• [Available data]
========
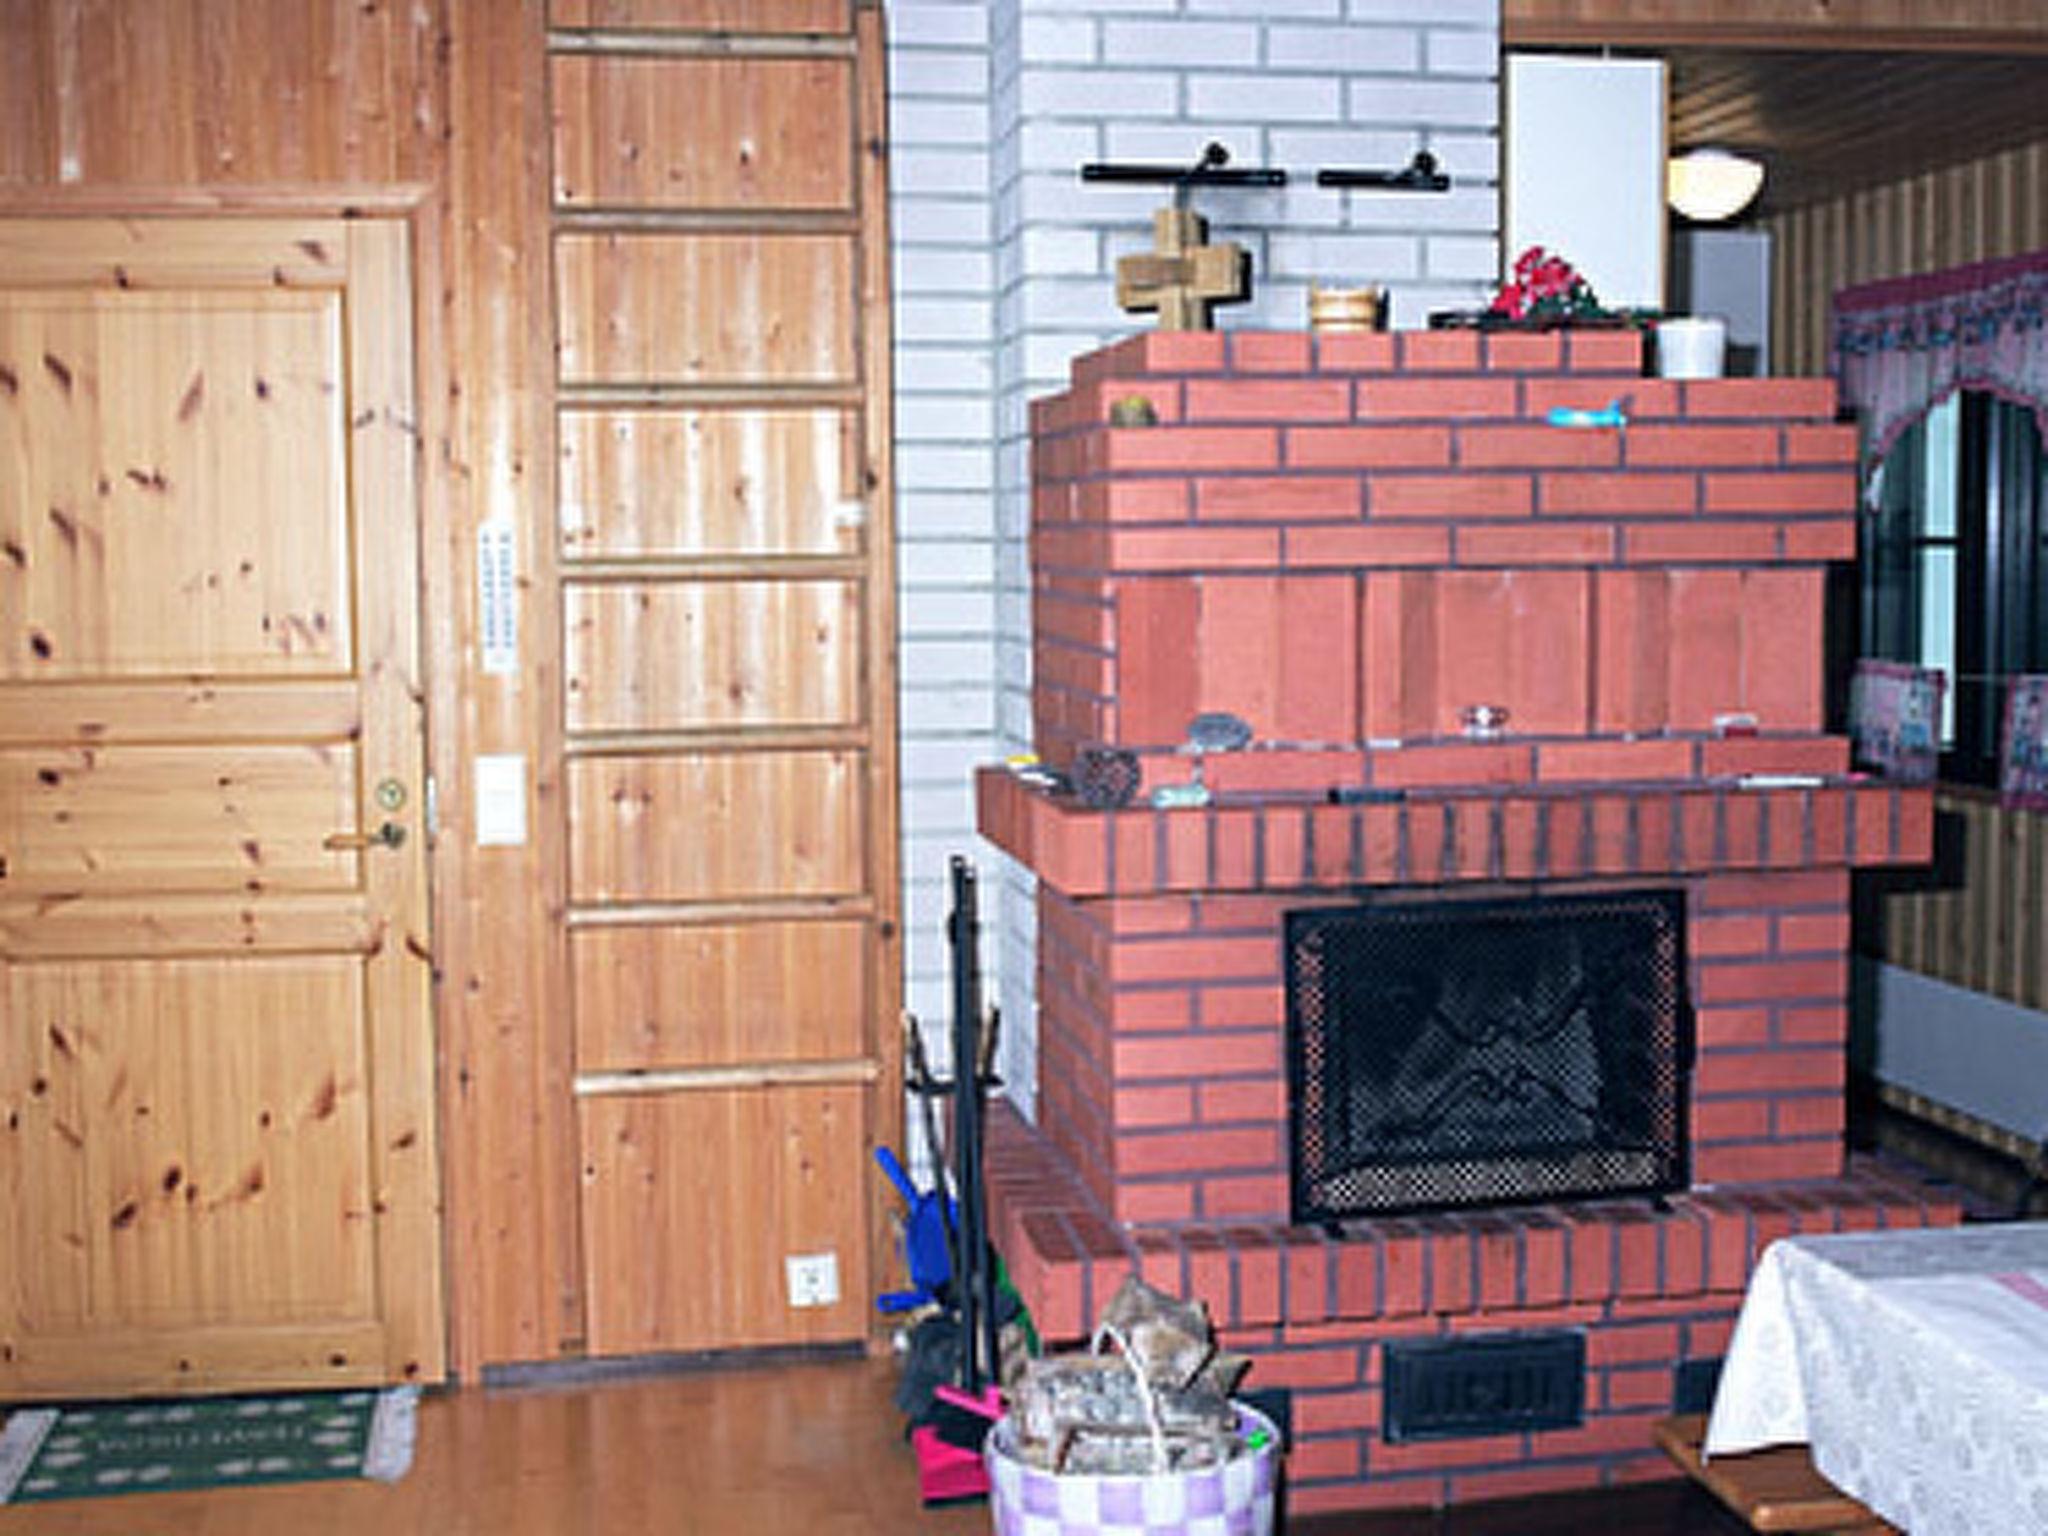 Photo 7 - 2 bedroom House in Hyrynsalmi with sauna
========
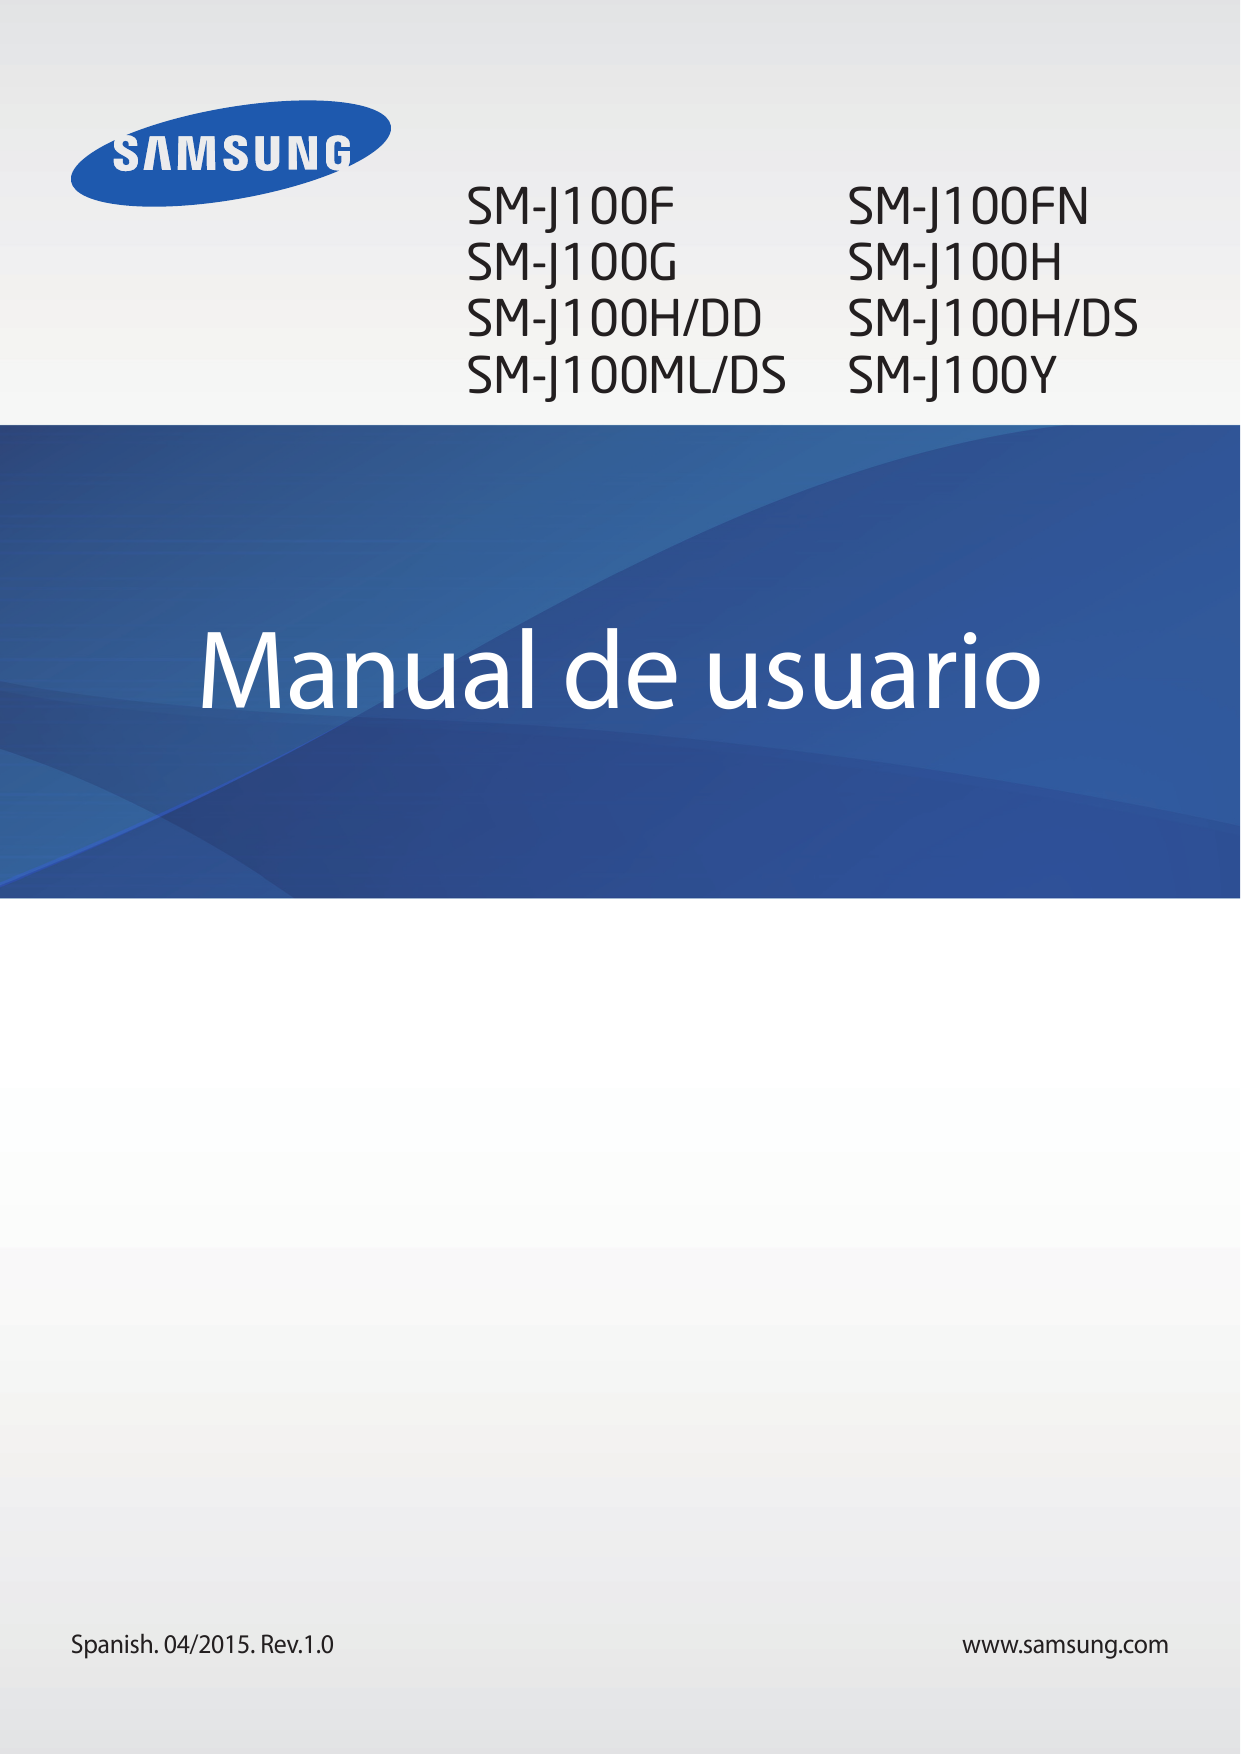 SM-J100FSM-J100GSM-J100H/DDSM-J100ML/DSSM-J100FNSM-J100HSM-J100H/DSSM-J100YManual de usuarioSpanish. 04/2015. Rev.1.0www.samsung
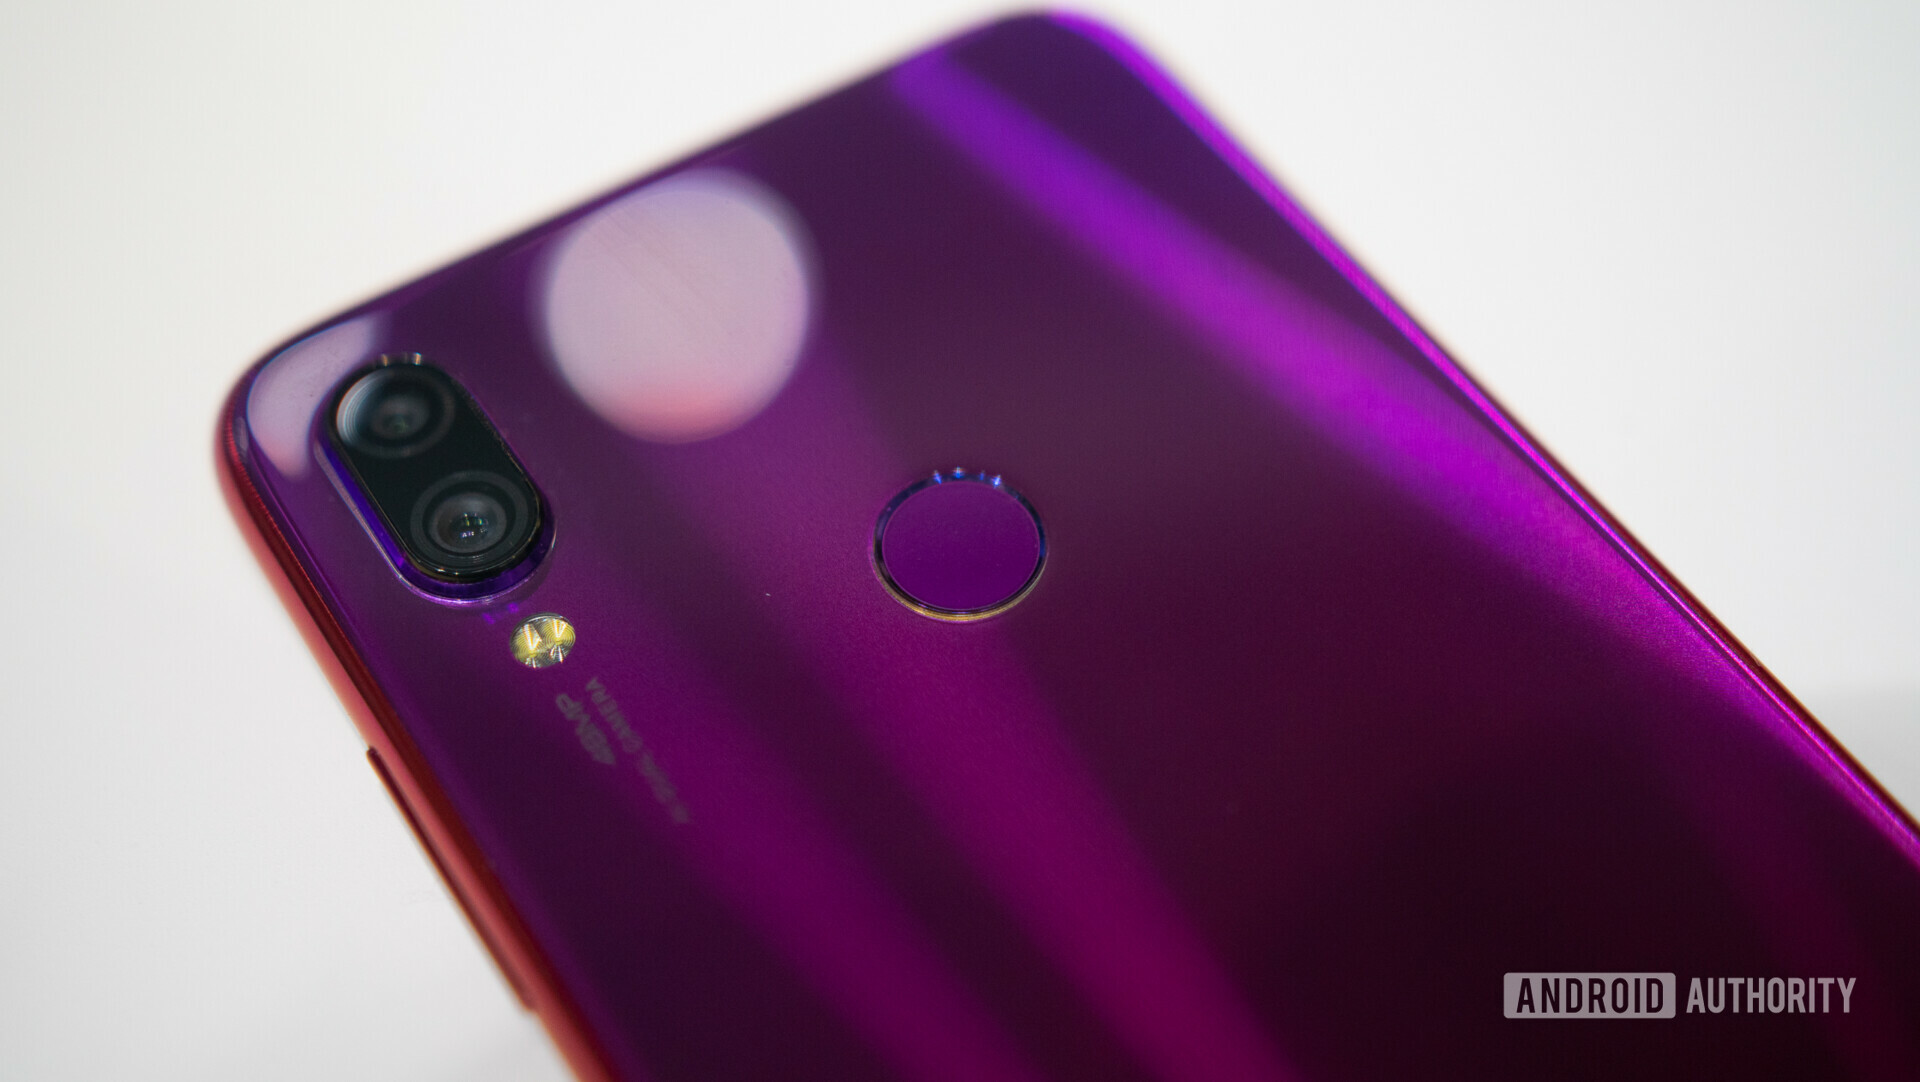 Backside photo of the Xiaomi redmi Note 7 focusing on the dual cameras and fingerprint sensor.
========
• [What is expected]
Using the entries above, write out exactly the lines from the one with "usuarioSpanish. 04/2015. Rev.1.0www.samsung" through the one with "Backside photo of", ends included. Leave out any pictures.

• [Task answer]
 SM-J100FSM-J100GSM-J100H/DDSM-J100ML/DSSM-J100FNSM-J100HSM-J100H/DSSM-J100YManual de usuarioSpanish. 04/2015. Rev.1.0www.samsung
 Backside photo of the Xiaomi redmi Note 7 focusing on the dual cameras and fingerprint sensor.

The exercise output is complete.